Tag: Testing

  • Is Personalized Genetic Testing Worth It?

    Is Personalized Genetic Testing Worth It?

    Overrated “precision medicine” may just be serving vested interests, and consumer DNA testing can be useless—or even worse.

    Today, you can get your DNA sequenced—the letters of your entire genetic code spelled out—for about a thousand dollars, a bargain compared to the $100 million or so it cost 20 years ago. And for around a hundred dollars, you can get partial DNA sequencing. Direct-to-consumer genetic testing is “only a click away,” like 23andMe, for “ancestry, health, love…and more.” Unfortunately, many tests that are available today haven’t been validated properly. And, as a result, the buyer may be buying something “that is ultimately useless.” Or, results may just be just flat-out wrong.

    There is growing public demand for direct-to-consumer genetic tests, but when put to the test, researchers found an “alarmingly high false-positive rate.” Test results indicated that people carried a high-risk gene, but it simply wasn’t true. And this happened 40% of the time, especially with the BRCA breast cancer gene (the one Angelina Jolie publicly revealed she carries), which you can see below and at 1:08 in my video Should You Get Personalized Genetic Risk Testing?.In addition to the 40% false-positive rate, some variants the tests did identify correctly were misclassified as being high risk when, in actuality, they weren’t high risk at all.

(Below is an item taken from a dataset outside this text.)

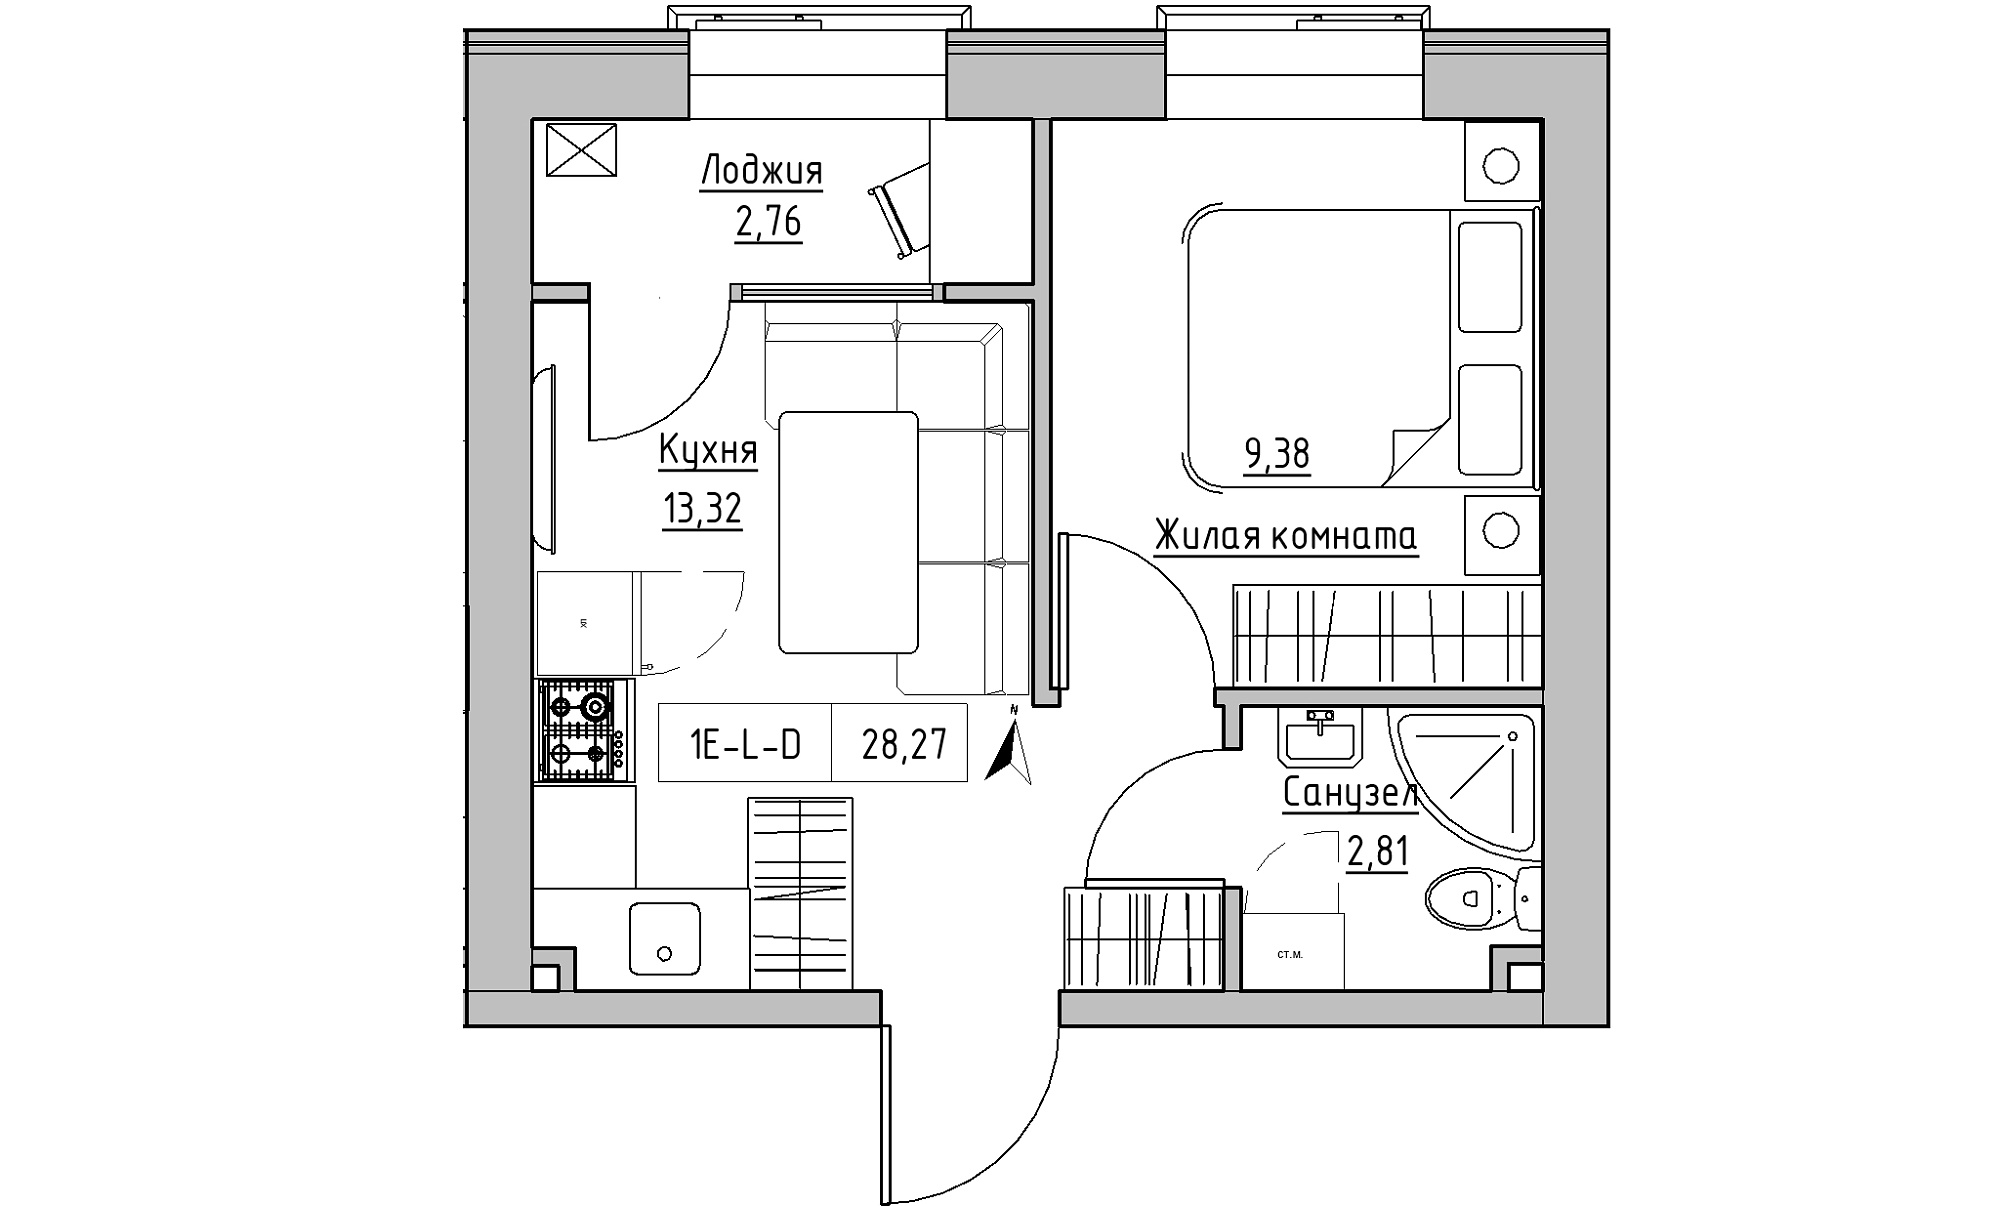 Планировка 1-к квартира площей 28.27м2, KS-023-01/0017.

You can see how it’s in these companies’ best interest to give scary outlier results, so customers will think the money spent was worth it and maybe even pay for additional testing. But false-positive results and variant misclassification can have serious consequences for a person, including unnecessary stress and even unnecessary medical procedures. What if you got a preventive double mastectomy because you falsely thought you were at high risk when you didn’t even have the BRCA mutation?

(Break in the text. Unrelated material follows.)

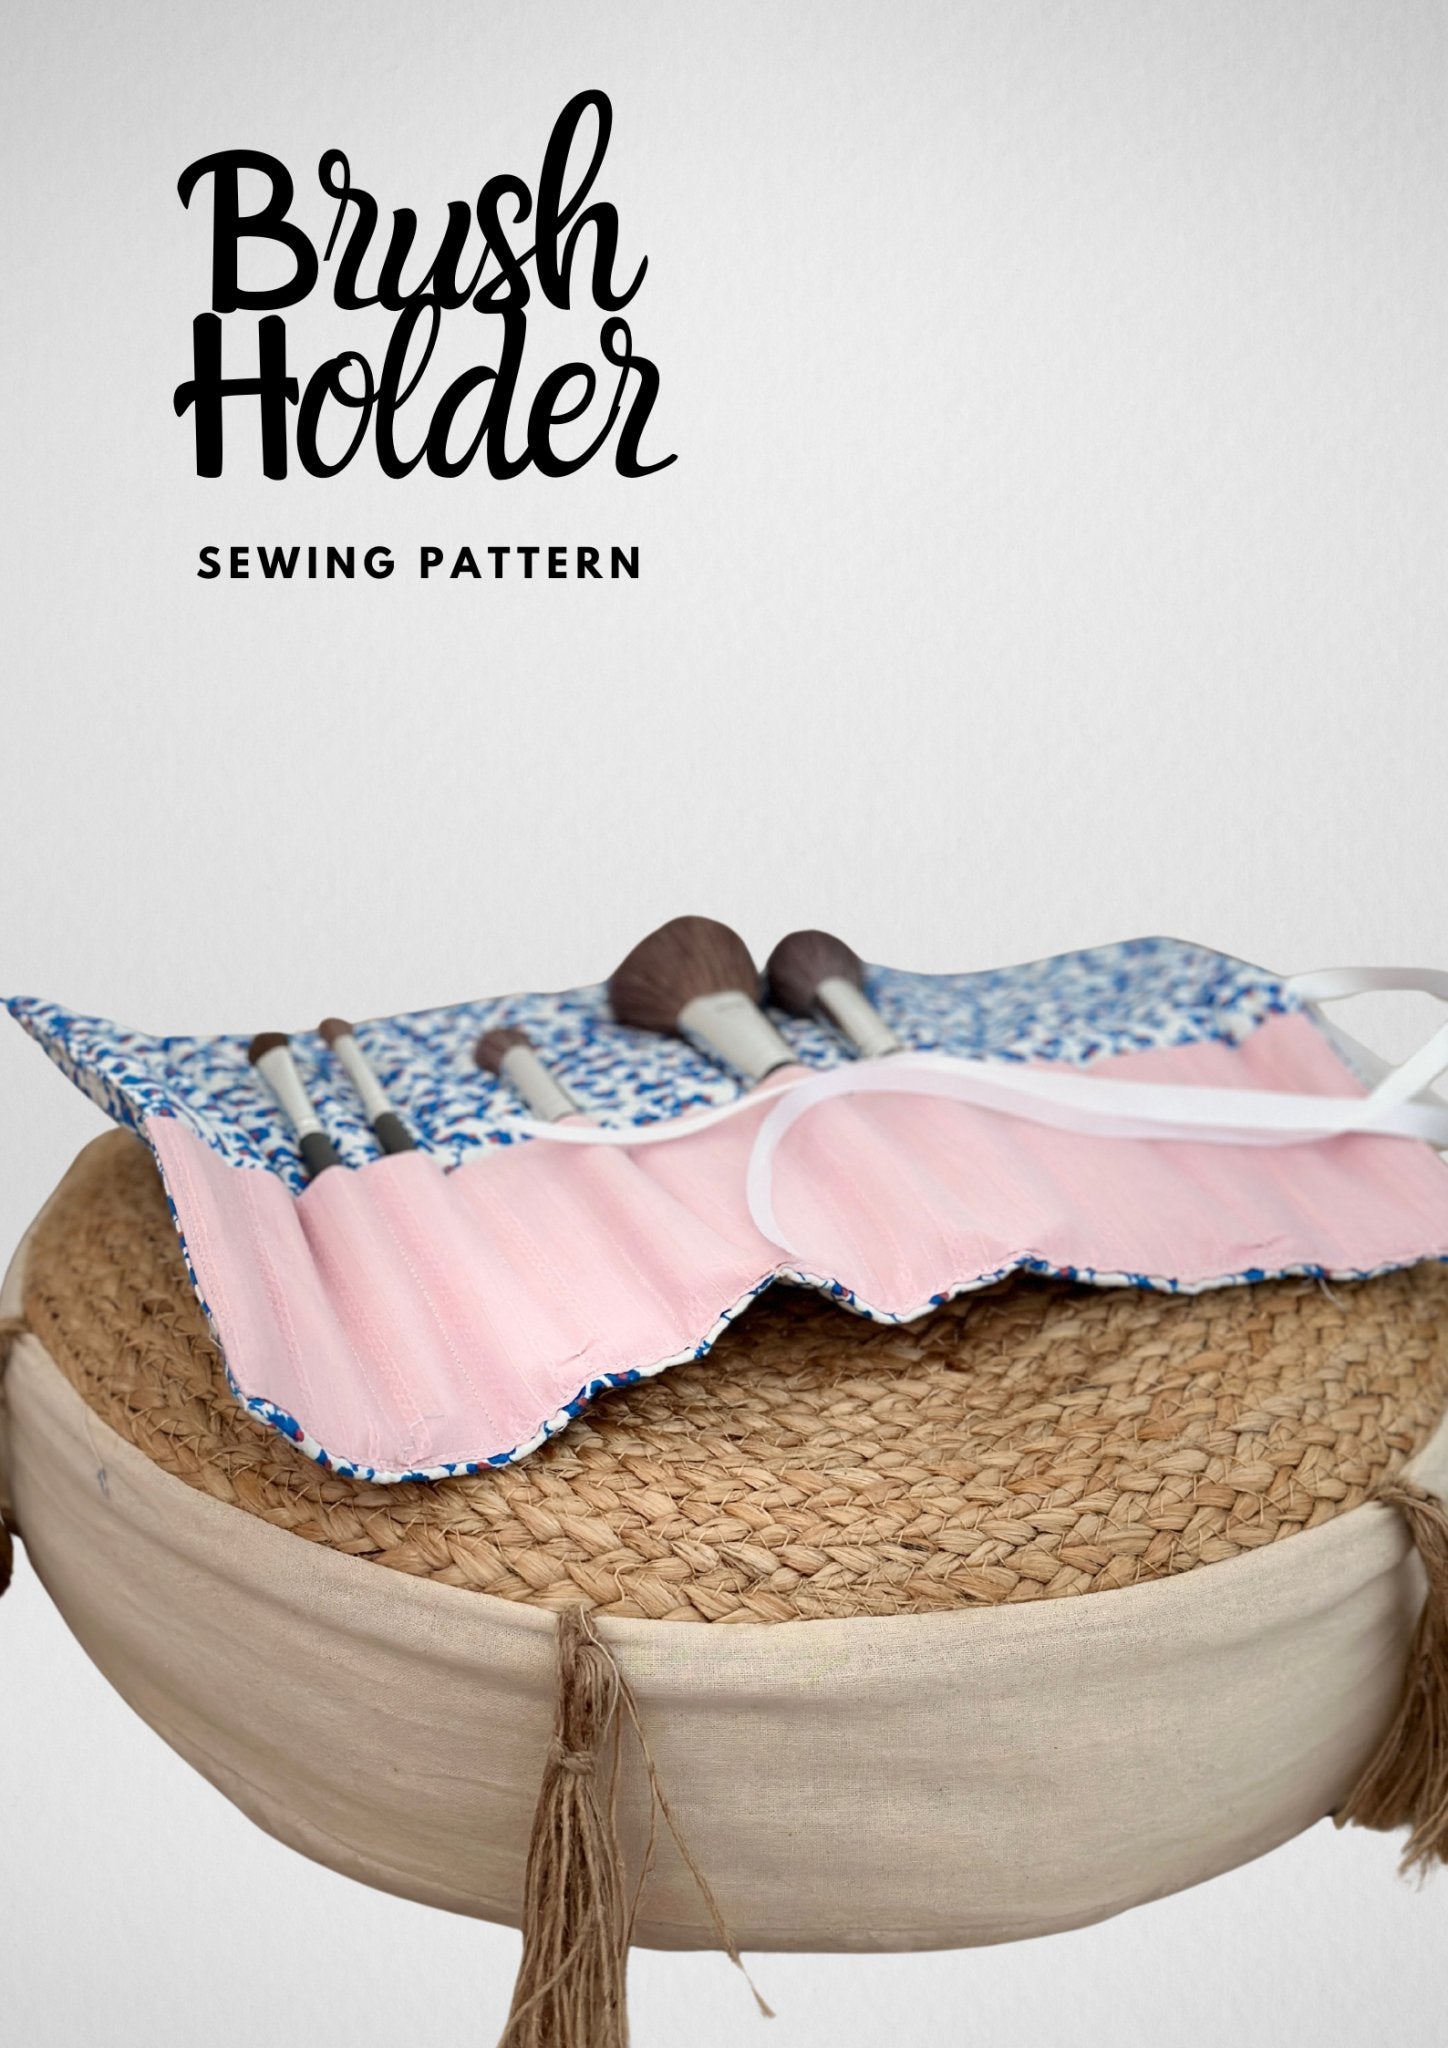 Brush Holder Sewing Pattern - Friedlies

    Yes, now, these genome-wide association studies have identified thousands of common genetic variants that affect the risk of complex diseases, as I talked about in my video on personalized nutrition. “Nevertheless, the discovered gene variants do not markedly expand our predictive ability compared with what can be achieved by using only information from long-known traditional risk factors.”

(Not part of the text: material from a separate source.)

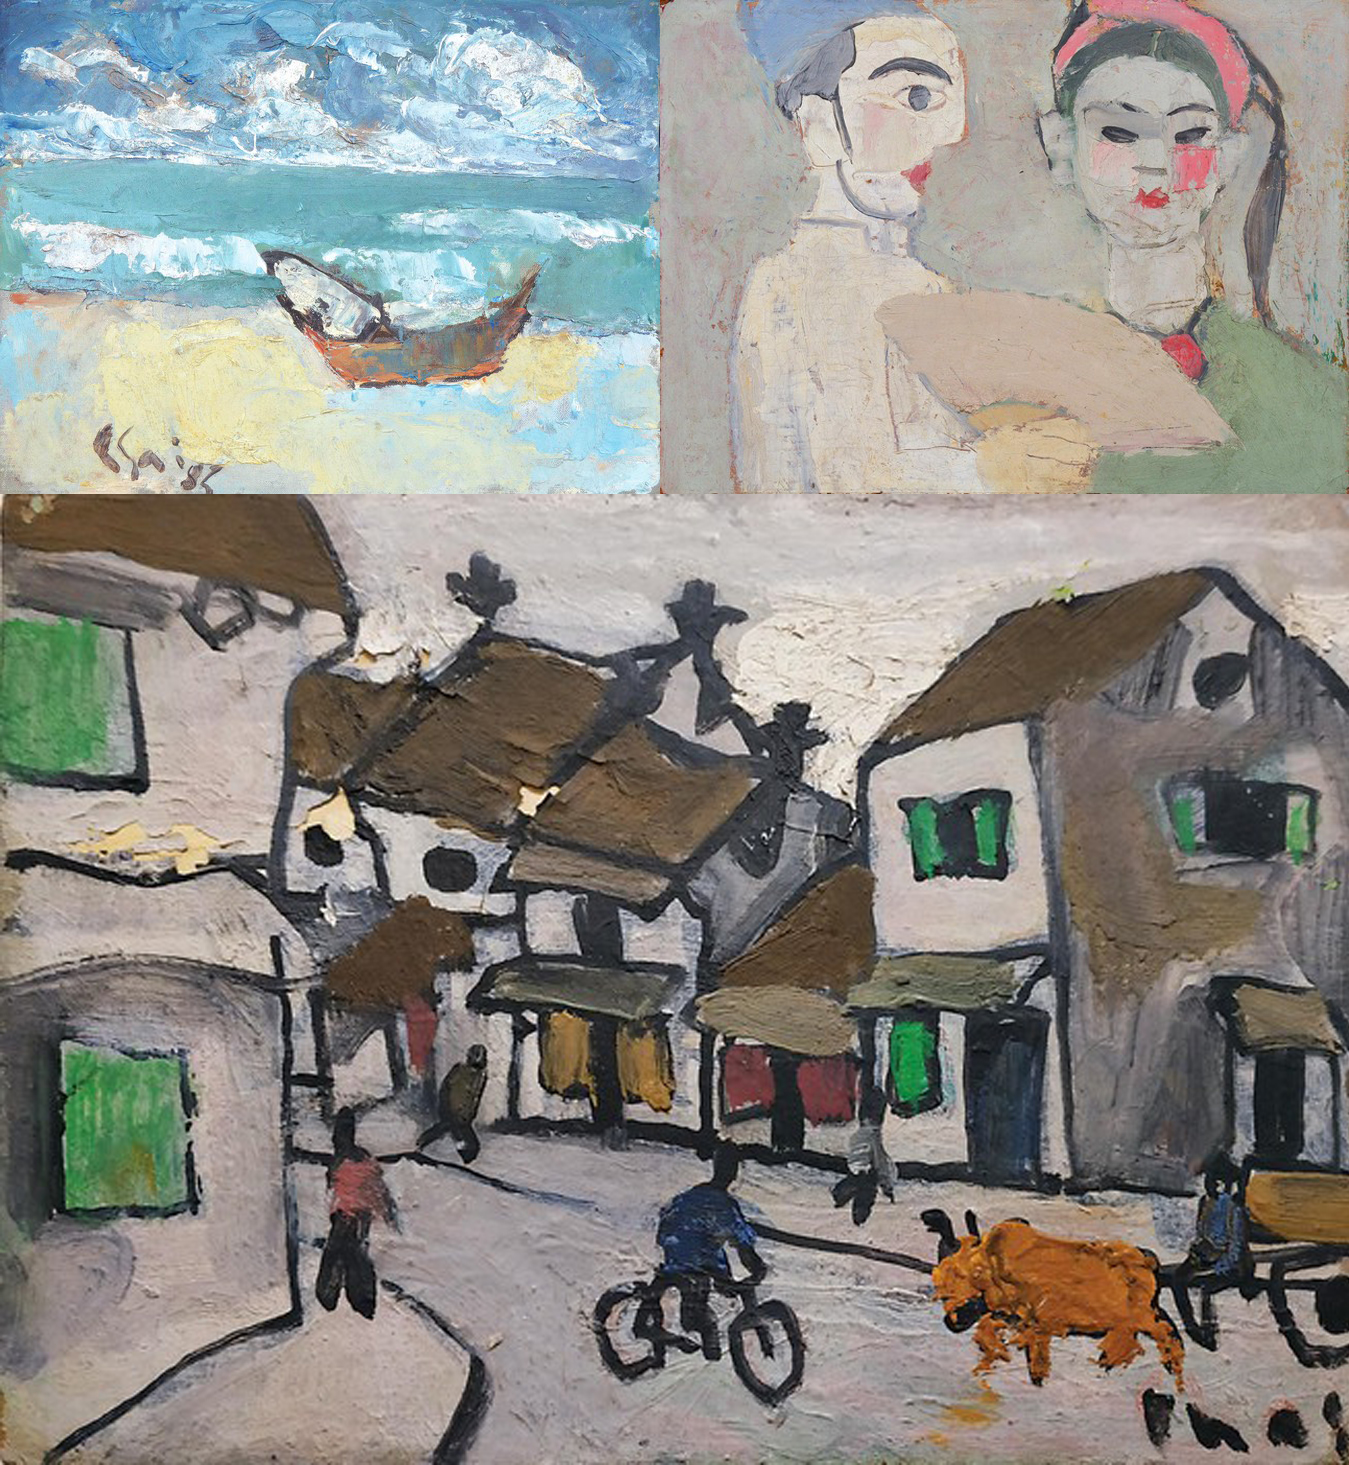 Tháng 6/2021, nhà đấu giá Larasati (Singapore) giới thiệu 3 tác phẩm: Biển (sơn dầu trên carton, phía trên bên trái), Hai diễn viên chèo cầm quạt (sơn dầu trên bìa cứng, phía trên bên phải) và hố với người đi xe đạp và xe bò - ảnh

    Take type 2 diabetes, for example. Researchers have identified about 50 genes that are linked to increased diabetes risk, but even when considered collectively, “obese persons with the lowest genetic risk for diabetes were nearly 5 times more likely to develop the disease than normal-weight persons with the highest genetic risk.” In other words, this would send out the wrong message to someone who is obese, giving them a false sense of security. Knowledge about type 2 diabetes genetic susceptibility based on what we know so far has “no implications for decisions about who should be targeted for intensive lifestyle interventions.” Everyone with excessive body fat, regardless of genetics, needs to slim down to reduce the risk of diabetes.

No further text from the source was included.